The F-statistic can be used to determine if there exists any relationship between a predictor and the response. To simply look at the individual predictor p-values to determine if this relationship exists is flawed, as we would expect some individual variables to appear significant by chance alone, especially as the number of predictors in a model increases.
In this instance, the associated p-value of the F-statistic is approximately 7.29e-129
, which is incredibly low. This p-value provides strong evidence that at least one predictor has an association with the response.
After determining that it is highly probable that a relationship does exist between at least one predictor and the response, we can investigate the individual predictor and intercept p-values. In the summary chart above, all four of these p-values are 0.000
, indicating they are very close to zero. The pvalues
method can be used to view the actual p-values.
>>> result.pvalues
const 6.654574e-66
mean_wind_speed_mph 1.132716e-27
mean_precipitaton_inches 3.322614e-29
mean_visibility_miles 5.681725e-41
It is clear all of these p-values are quite small. Therefore, we can declare we have strong evidence that each of average wind speed, average precipitation, average visibility, and the intercept are significant and associated with average departure delay.
Lastly, I should discuss the implication of the very low $R^2$ and the very significant F-statistic and t-statistics.
With an ideal model fit, we would have simultaneously a high $R^2$ statistic, and significant F-statistics and t-statistics. However, in this instance, this is clearly not the case. Is this a problem? Should the results be thrown out? Not quite.

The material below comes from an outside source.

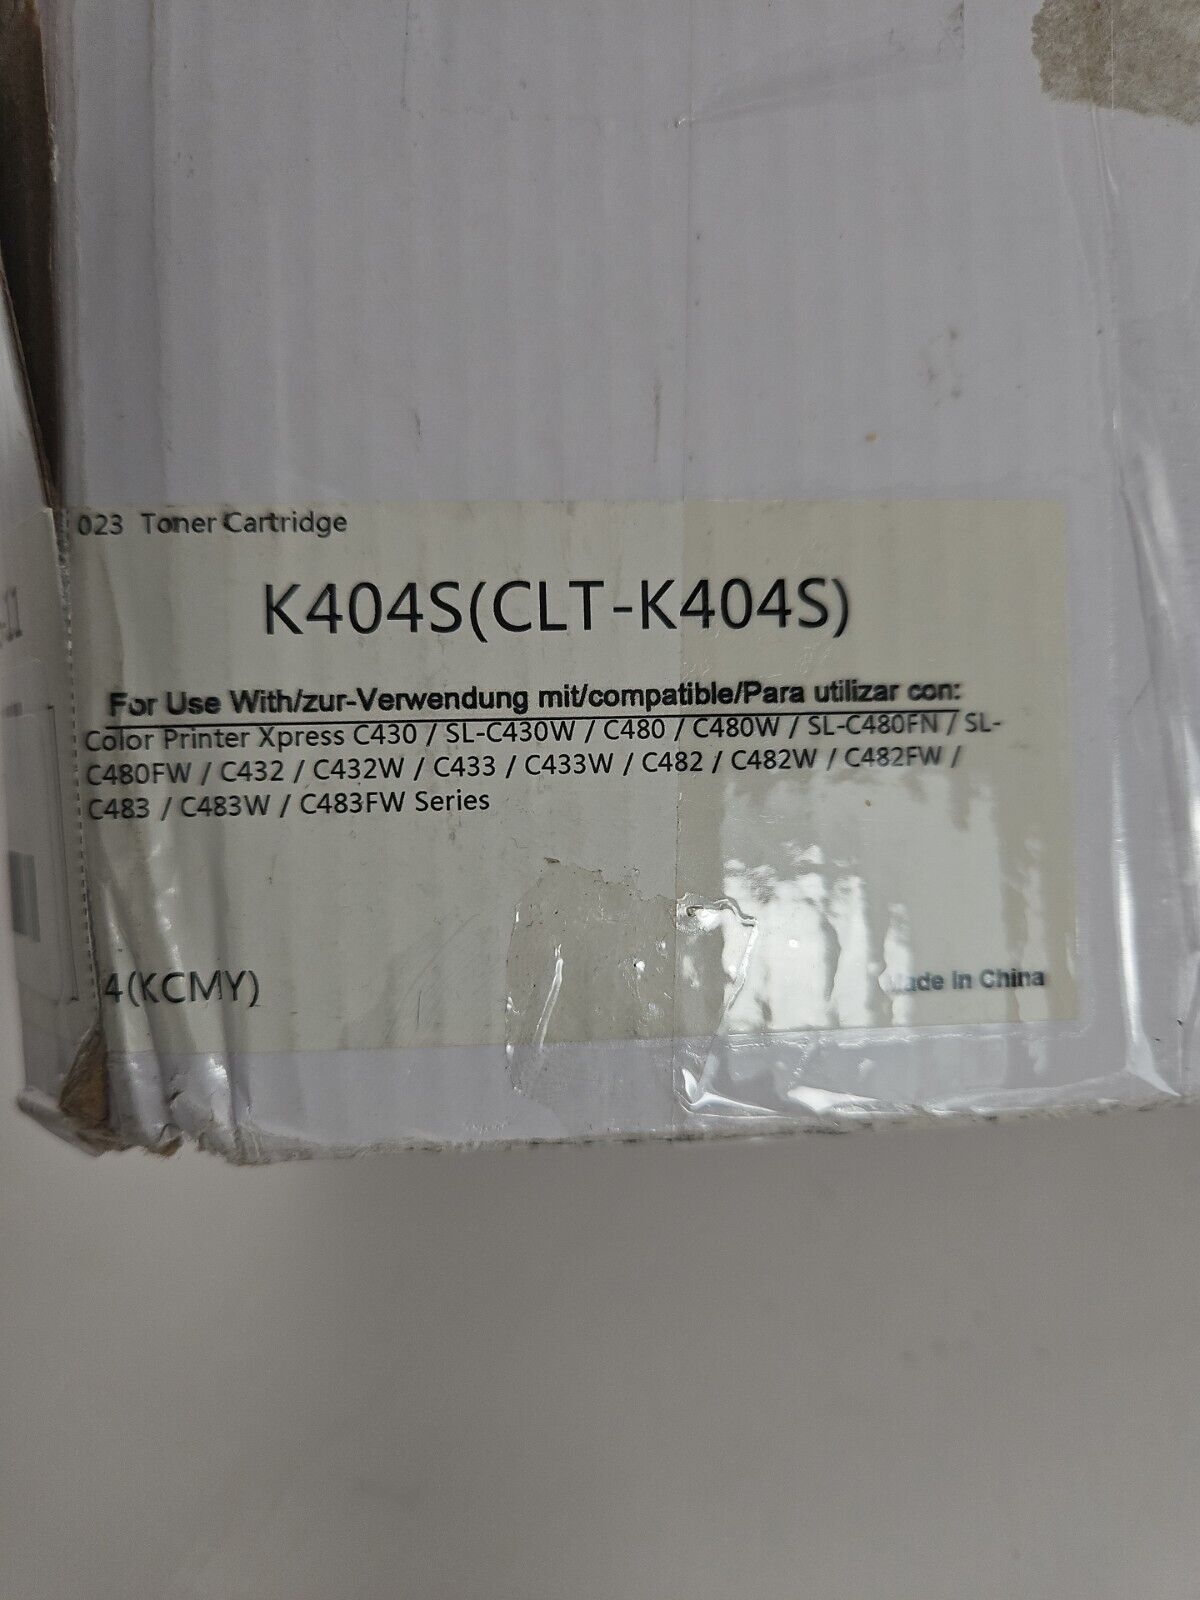 Toner Cartridge for Samsung 404S CLT-K404S K404S Xpress C480FW C480W C430W C480

From the significant F-statistic and t-statistics, we have strong evidence that the predictor variables are associated with a change in average departure delay. We know this. From the low $R^2$ statistic, we also know that our multiple linear regression model does not capture the bulk of the average departure delay variance. So, our individual predictors are performing quite well, but our overall model is performing quite poorly. In general, this can be attributed to the wide variation in departure delay times in the data.
Other regression techniques - such as using interaction terms - might improve our fit on the data, and thus explain more of the variance in average departure delay. Similarly, including other predictor variables might also help in explaining more of the unexplained variance. In following posts, both of these topics will be explored.